LONDON (REUTERS) - Britain's financial markets watchdog on Wednesday (July 12) flagged a number of concerns about the way people are using their retirement savings since the introduction of new rules in 2015.
In the biggest shake-up of pensions regulation for decades, the so-called 'pension freedoms' allowed savers to access their pension pots early and removed the need to buy an annuity, or income for life.
Interim findings by the Financial Conduct Authority (FCA) one year into its Retirement Outcomes Review said it had identified five issues, mostly around the issue of advice and competition.

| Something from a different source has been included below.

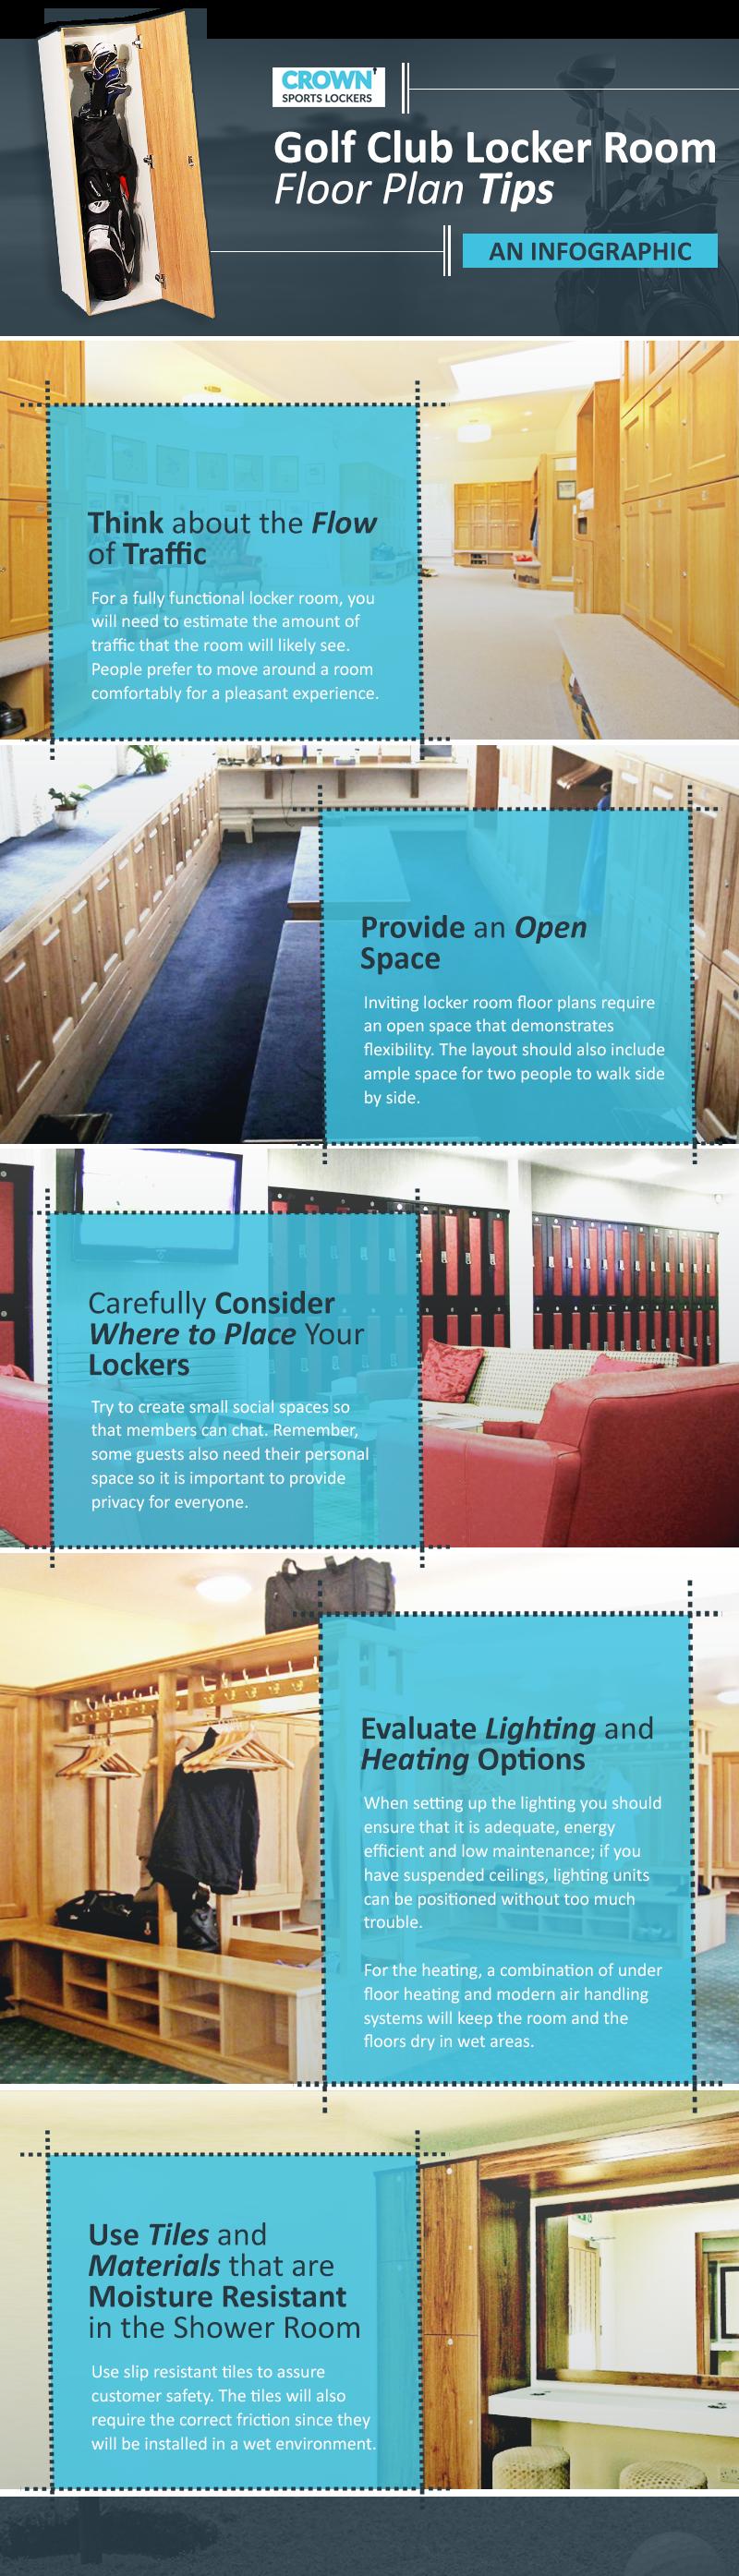 Golf Club Locker Room Floor Plan Tips

A final report is due in the first half of 2018.
Accessing pension pots early has become the norm, it said, with most choosing to take their savings as a lump sum rather than a regular income, and with twice as many pots moving into so-called 'drawdown' funds, which allow a saver to take a regular income, than into annuities.

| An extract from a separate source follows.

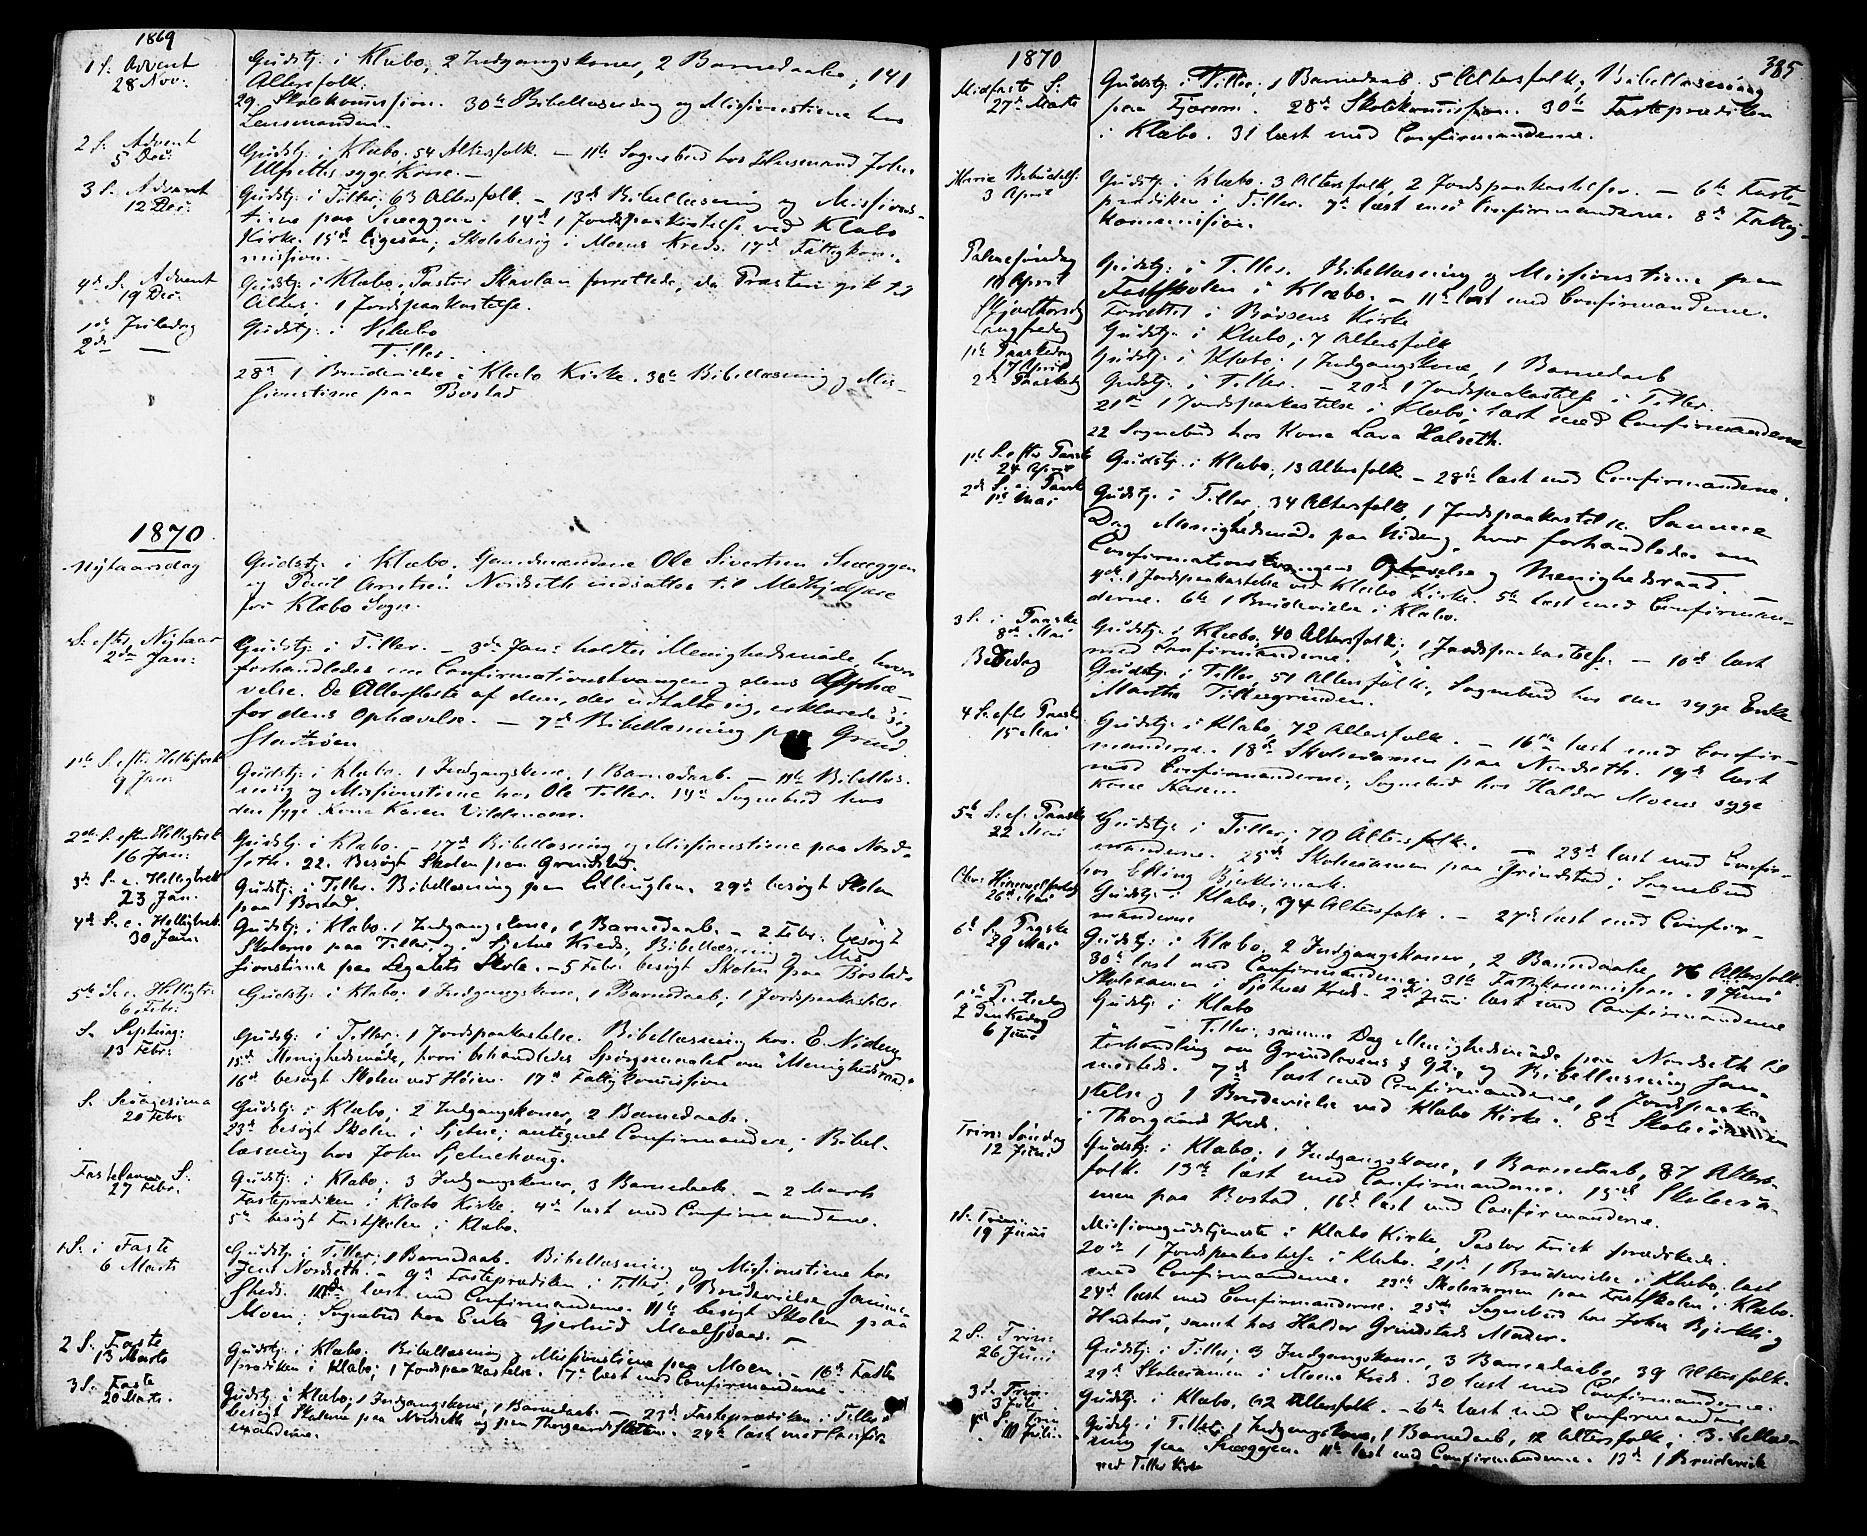 SAT, Ministerialprotokoller, klokkerbøker og fødselsregistre - Sør-Trøndelag, 618/L0442: Ministerialbok nr. 618A06 /1, 1863-1879, s. 385

Fifty three per cent of pots accessed were fully withdrawn, although 90 per cent of them were small, below 30,000 pounds (S$53,000), and most of those doing so had other sources of income in addition to the state pension, the FCA said.
"Since the introduction of the pension freedoms, the retirement income market has changed substantially," said Christopher Woolard, the FCA's executive director of strategy and competition. "We have identified areas where early intervention may be needed either now or further down the track to put the market on the best footing for the future."
While 52 per cent of fully withdrawn pots were reinvested somewhere else, savers may be paying too much tax, missing out on investment growth and other benefits, it said.
Those who withdraw money early without taking advice typically followed the 'path of least resistance' and stuck with their current pension provider for a drawdown product without shopping around, it added.
With some large pension providers pulling out of the annuity market, there was a risk of reduced competition over time, and product innovation was currently limited.
As a result, the FCA said it would look at whether extra protections were needed for consumers who buy drawdown products without advice, whether consumers were paying too-high charges and if they ended up with unsuitable investment strategies.